Gossip Girl waited for six seasons before confirming the identity of its actual Gossip Girl. But Bridgerton couldn’t last more than one before spilling the beans about who Lady Whistledown is. Which kind of makes sense. A show in which everyone’s hot to rip each other’s clothes off would naturally be just as eager to yank the mask off its secret disseminator of all the rumors that are fit (or unfit) to print.

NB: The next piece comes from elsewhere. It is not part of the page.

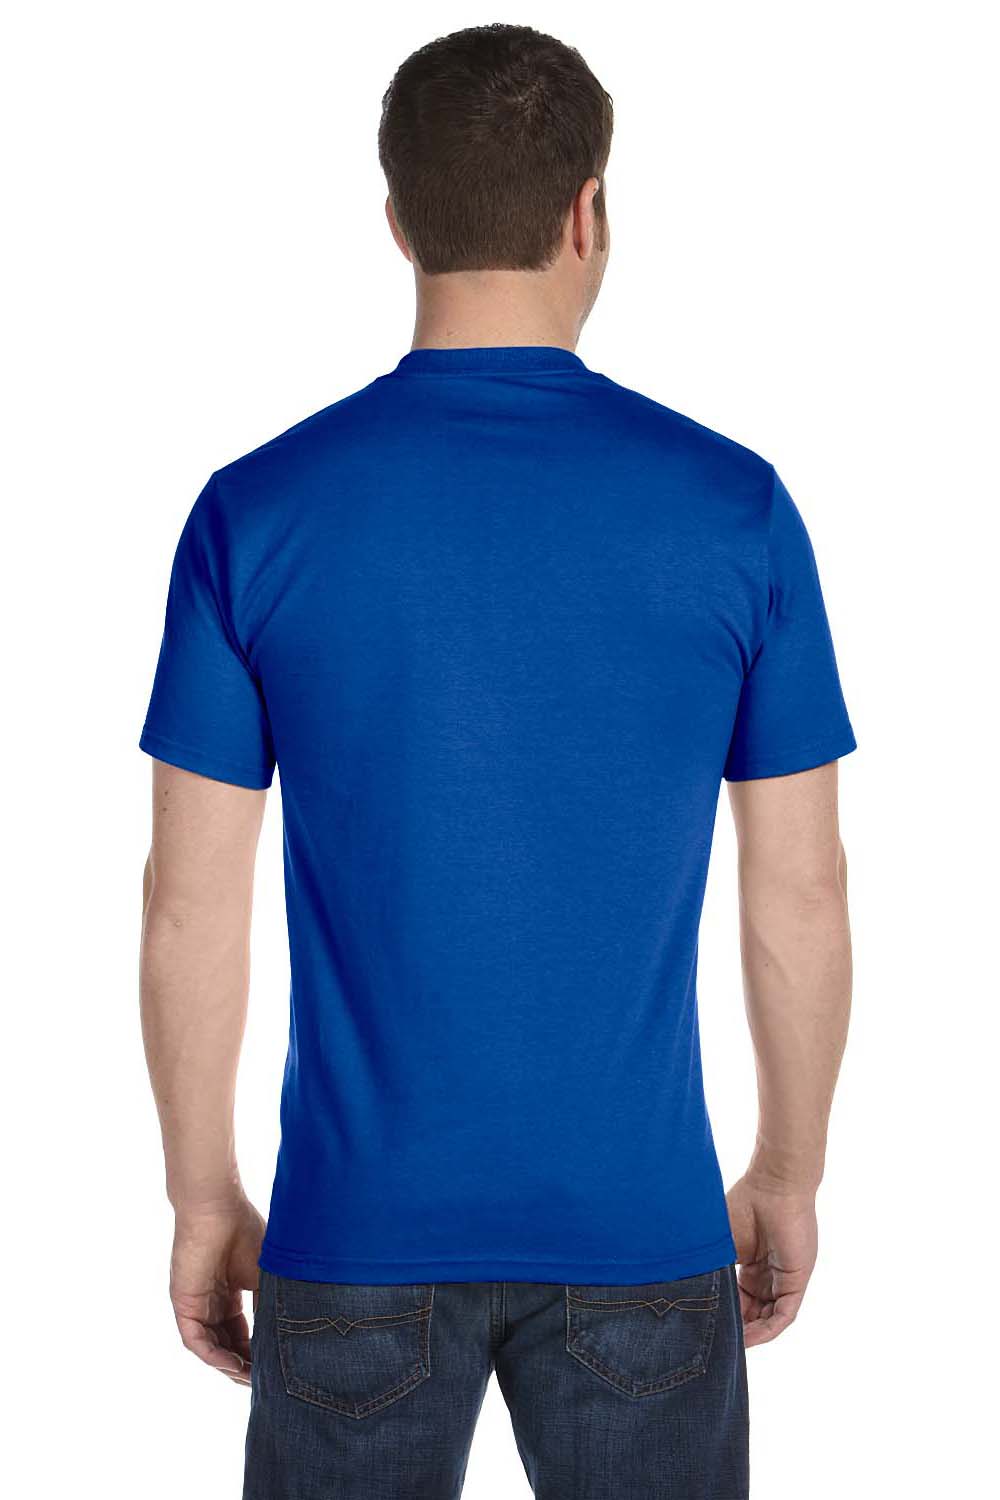 Gildan G800 Mens DryBlend Moisture Wicking Short Sleeve Crewneck T-Shirt Royal Blue Back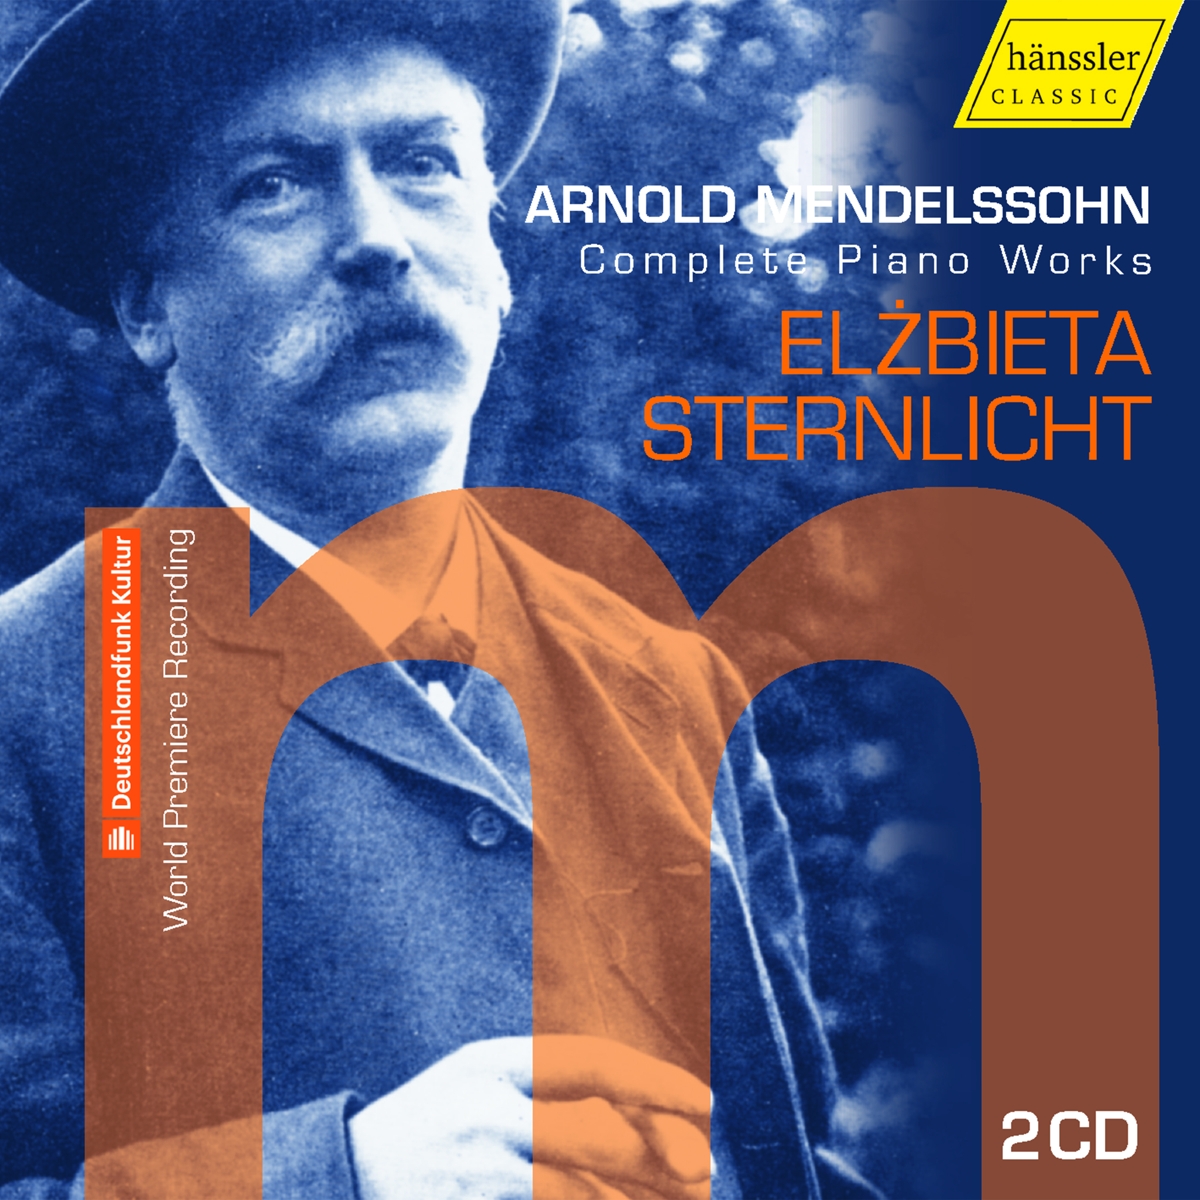 Arnold Mendelssohn: Complete Piano Works

That’s exactly what Bridgerton does in one of the last scenes of episode eight. Eloise (Claudia Jessie), convinced that Mrs. Whistledown is Genevieve Delacroix (Kathryn Drysdale), the town modiste, dashes to the printer to warn her that some of the queen’s minions are planning to ambush her before she publishes her next newsletter. Eloise successfully does so but doesn’t see who Whistledown is, only realizing the next day, after her brother Benedict (Luke Thompson) mentions that he spent the previous evening with Genevieve, that she couldn’t possibly be the modiste. In a flashback to the night before, we see something Eloise did not: Lady Whistledown lowering her hood to reveal that she’s actually …
JULIE ANDREWS?!
Nah, just kidding, Andrews is the voice of Whistledown’s writing on Bridgerton. The woman who’s actually, secretly Whistledown is … Penelope Featherington (Nicola Coughlan), the most overlooked Featherington daughter with the deepest crush on Colin Bridgerton. Bet you didn’t see that coming, did you?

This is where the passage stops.